The Hinukh (Hinukh: гьинухъес hinuqes, ) are a people of Dagestan living in 2 villages: Genukh, Tsuntinsky District - their 'parent village' and Novomonastyrskoe, Kizlyarsky District - where they settled later and live together with Avars and Dargins and also in the cities of Dagestan. They are being assimilated by the Caucasian Avars.

History

Etnonym "hinukh" comes from the word hino/hinu - "the road" (suffix -kh/-kho form essive case - "at the road", "on the road"). Bezhta people call them "гьинухъаса" (hinukhasa), Georgians - "ლეკები" (lekebi), "დიდოელები" (didoelebi), Tsez people - "гьинузи" (hinuzi).

In the official documents and the censuses the Hinukh didn't appear as an independent ethnic group. After the forcible deportation of the Vainakh people and disbandment of the Chechen–Ingush ASSR, they were (together with some other Avar–Andi–Dido peoples) resettled in Vedensky District which was given to Dagestan ASSR.  After the rehabilitation of the Vainakh peoples in 1958 they settled back in their native lands.

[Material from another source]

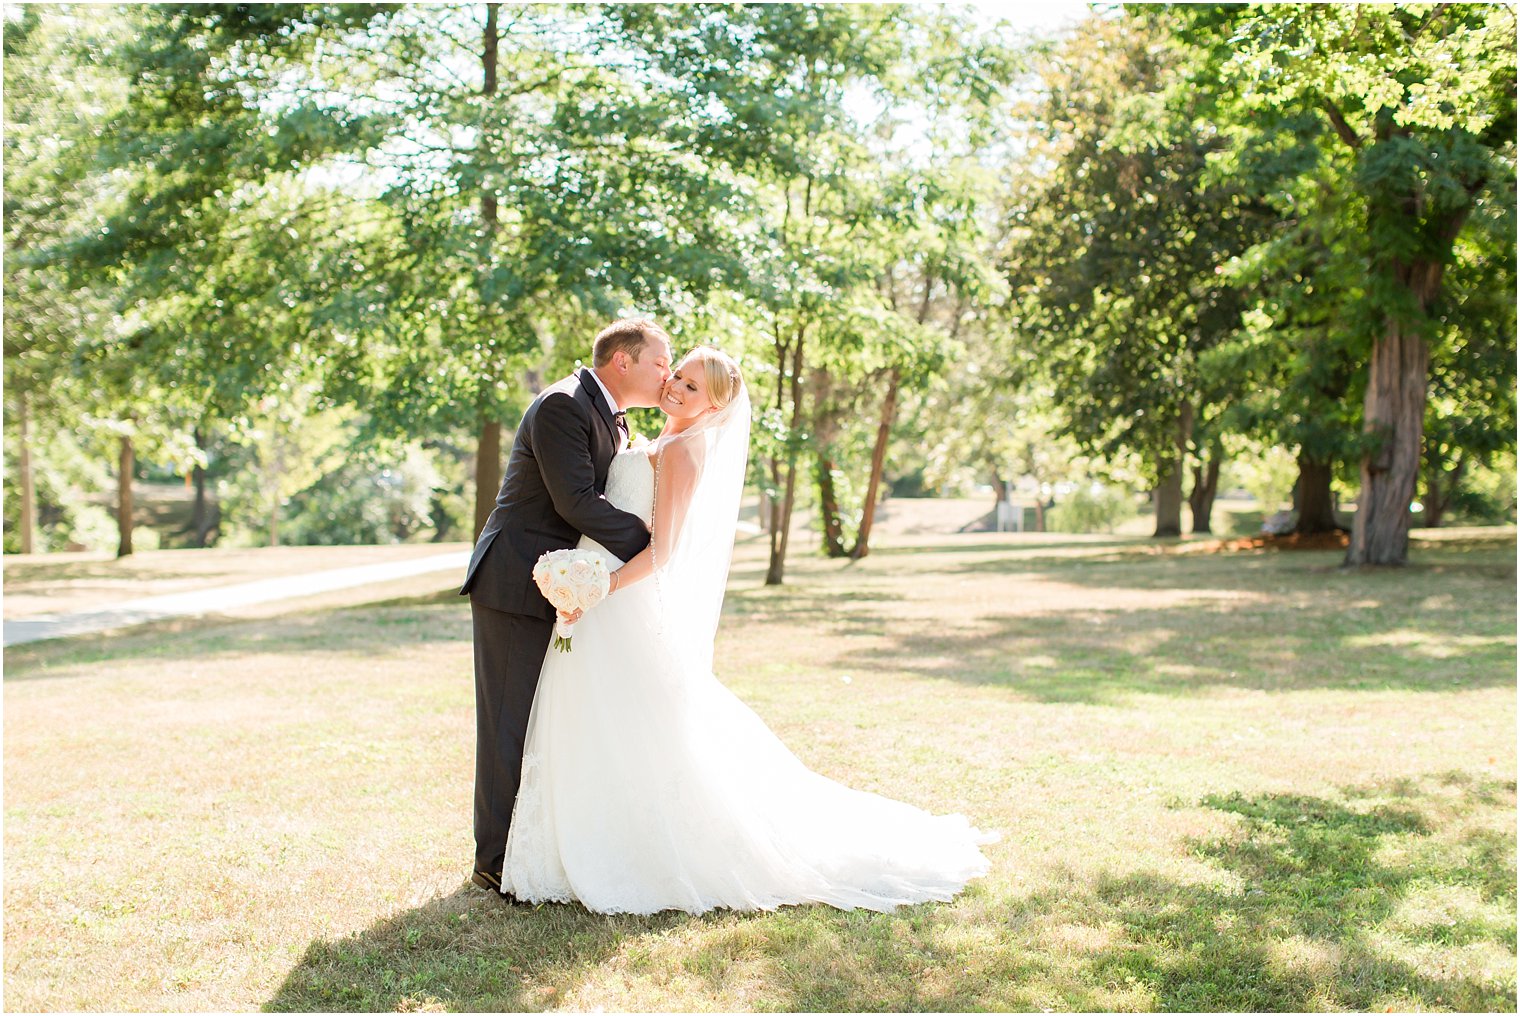 Gorgeous light during bride and groom photos
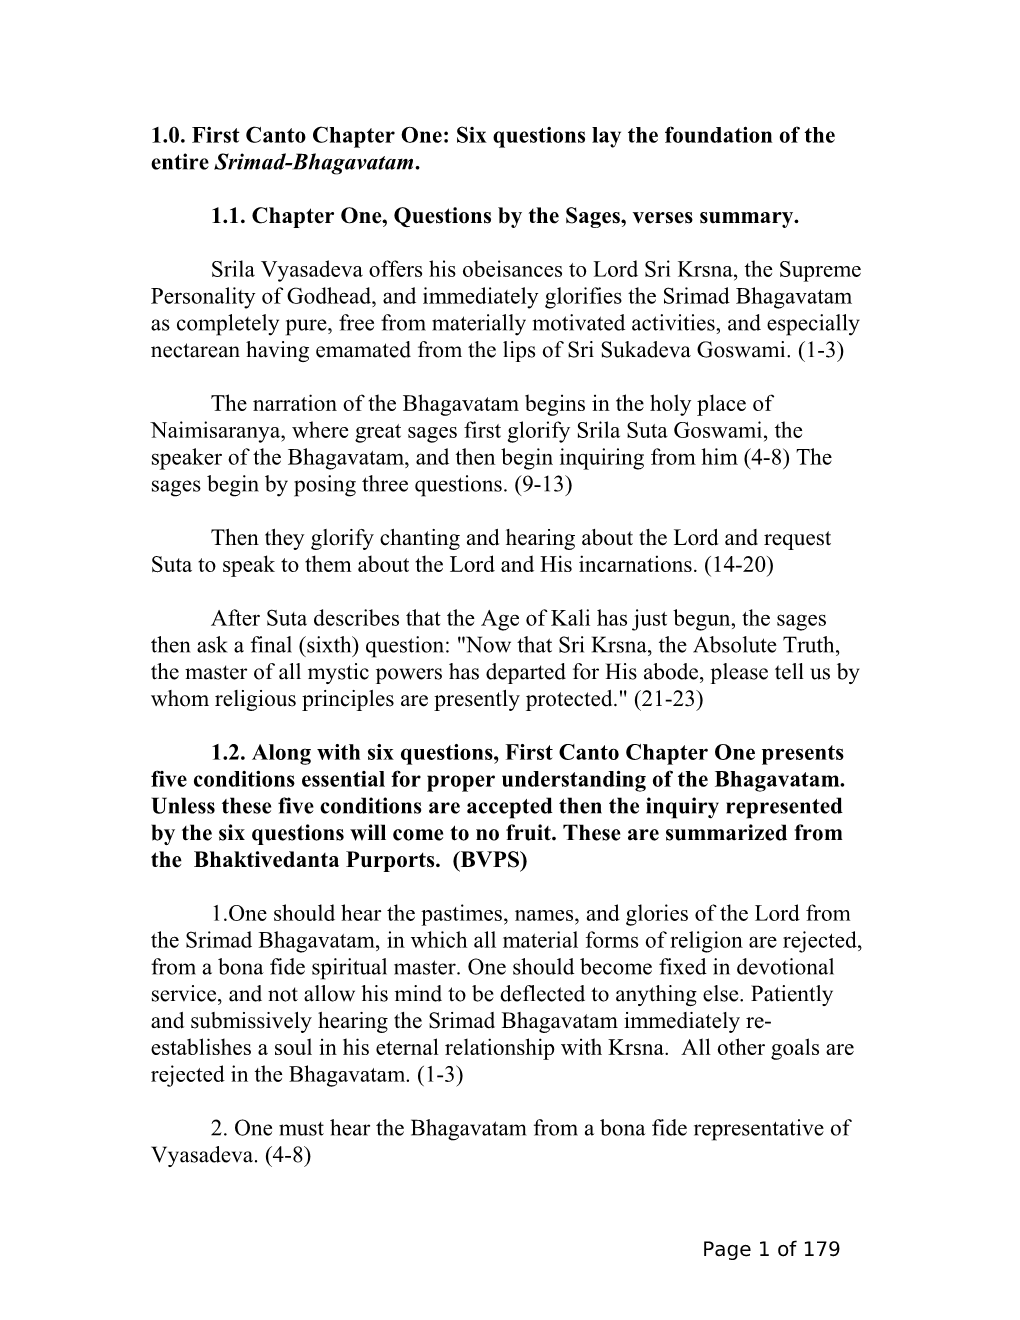 1.1. Chapter One, Questions by the Sages, Verses Summary

In 1960s the population of the Hinukh people was estimated to be 200. 2002 Russian Census showed their number as 531. They were considered as a subgroup of Avar people in this census. 2010 Russian Census registered 433 Hinukh, nearly all living in Dagestan.

Religion

The Hinukh people are overwhelmingly Sunni Muslims. They converted to Islam possibly in the late 18th century, through the mountain guides from the Free Community of Gidatl and Khunzakh and the Bezhta people who were already Muslims.

Language

The Hinukh language is a Northeast Caucasian language of the Tsezic subgroup. Beside their native Hinukh language, many also speak Avar, Tsez, Russian and often also other languages of the region.

The first information about Archi language was in a letter from Peter von Uslar to Franz Anton Schiefner dated 1865, where he writes about a special language in Inukho aul (i.e. Hinukh). The first written material about Hinukh language was a list of 16 words with their counterparts in Tsez language, given by the Belorussian ethnographer and folklorist Aleksandr Serzhputovkiy in his work about the Tsez people in 1916.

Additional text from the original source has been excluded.